Sam Altman, the CEO behind ChatGPT, said he is very skeptical of AI models being produced to show empathy for humans. This is the case of Meta AI, owned by Facebook, and the startup Character.AI, co-founded by Brazilian Daniel de Freitas, the former director of Google.
These two technologies promise to put well-known personalities into online conversations with users. Character.AI’s portfolio includes Taylor Swift, Napoleon Bonaparte, Tony Stark and the fallen angel Lucifer. Meta, in turn, has characters inspired by Gisele Bündchen’s ex-husband, Tom Brady (also a former American football player), rapper Snoop Dogg, and model and influencer Kendall Jenner.
“I personally am very skeptical of this vision of the future in which people are very close to friends made by artificial intelligence and not so many human friends,” Altman said on Tuesday (17) at a technology event promoted by the American Wall Street Journal. magazine.
However, it recognized the right of companies to operate in this area. “On the one hand, progress in personalization using AI is positive, but it is important to distinguish between interactions with humans and machines.”

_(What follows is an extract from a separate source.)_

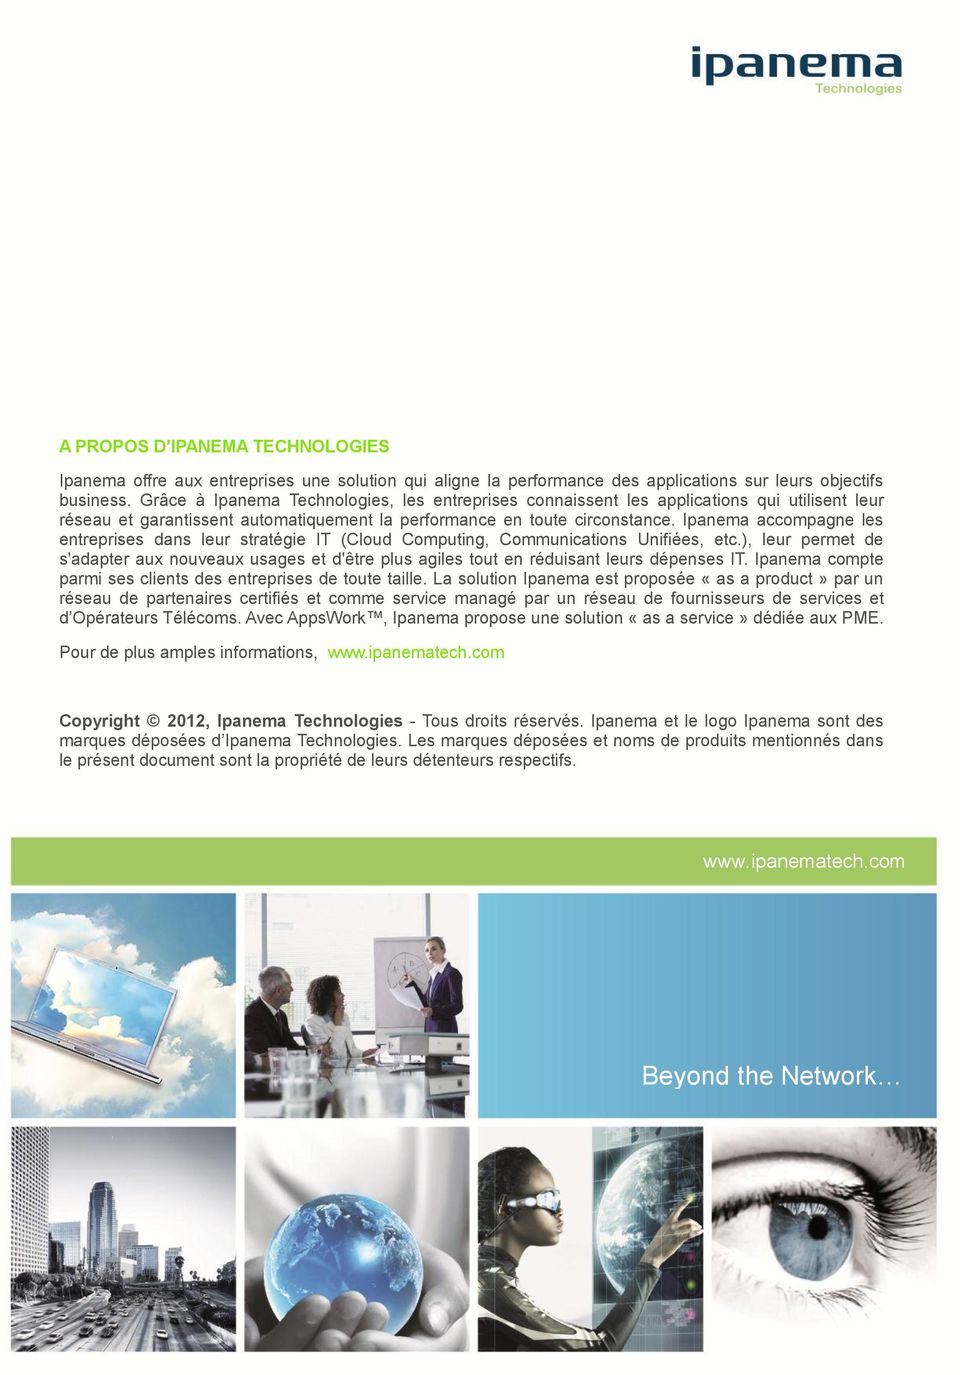 Ipanema accompagne les entreprises dans leur stratégie IT (Cloud Computing, Communications Unifiées, etc.

“We were very intentional in naming our product ChatGPT and not after a person. OpenAI makes it clear that the client is not talking to a human,” he added. GPT is an English abbreviation for “Generative Pre-Trained Transformer,” which is the technical name given to the model behind a text generator bot.
In the case of the model from Facebook owner Meta, chats are named after characters, in the form of a famous person. Snoop Dogg, for example, inspires the program Dungeon Master, which talks to the user about the medieval world and makes up rhymes in the style of a rapper.
Facebook founder Mark Zuckerberg introduced this character at the end of September at a Meta event. The relaxed tone set the conversation between man and machine.
The model is still in the testing phase in the United States and is not available in Brazil. “At the moment there is no information about expansion into other markets,” Meta tells the report.
It is also scheduled to take place at a Wall Street Journal event, where the CEO in charge of Meta AI, Chris Cox, responded that their technology has a neutral name. His presentation came shortly after a speech by the CEO of OpenAI, the creator of ChatGPT. “But I think there’s more room for fun and expression.”
Chatbots will be the future of entertainment, according to Character.AI co-founder and CEO Noam Shazier. He left Google with Brazilian CEO Daniel de Freitas to found the startup, which is currently worth R$25 billion, according to Bloomberg estimates.
Since the launch of the beta version in September 2022, more than 20 million people have registered on the platform. Forbes magazine tested it and said the technology is still primitive.
However, Daniel de Freitas states that Character.AI’s characters are enough to distract the startup’s employees from work. Freitas encourages his employees to play Ship AI, a text-based space adventure game narrated by the company’s chatbot.
Today, new entertainment markets such as social networks and video games generate much more money than traditional sectors such as music, cinema, theater and literature. This is evidence of the power of these products to capture consumer attention, attracting advertisers, buyers and sponsors.
Other chatbots competing with ChatGPT, such as Pi and Claude, have also been trained to show more elements of human conversation in their responses, even if they are not entertainment-oriented. Pi, for example, tends to provoke his interlocutor with questions, in a Socratic rhetorical strategy.
With less investment and at a more rudimentary stage of development, other platforms promise embodied AI friends. The experience reminds us of the fictional narration of the film “Her” (2013) by director Spike Jonze.
For example, the AI chatbot Replika was able to act out rousing speeches until June. When the company responsible for the technology blocked these responses, users complained that the artificial intelligence was “fragmented,” according to the specialized website Business Insider.
People tend to see the humanity in AI platforms through the fluidity of word sequences provided by the technology. This process is called the Eliza effect, in honor of the first chatbot created in the 1960s.
However, AI models like ChatGPT act like a statistical parrot: they are trained to guess the next most likely word to continue a block of text.
“They are able to reproduce the language they have been trained in, but they are not thinking about what we are asking them to do,” Patty Mays, a professor at the Massachusetts Institute of Technology (MIT) said in an interview with Folha.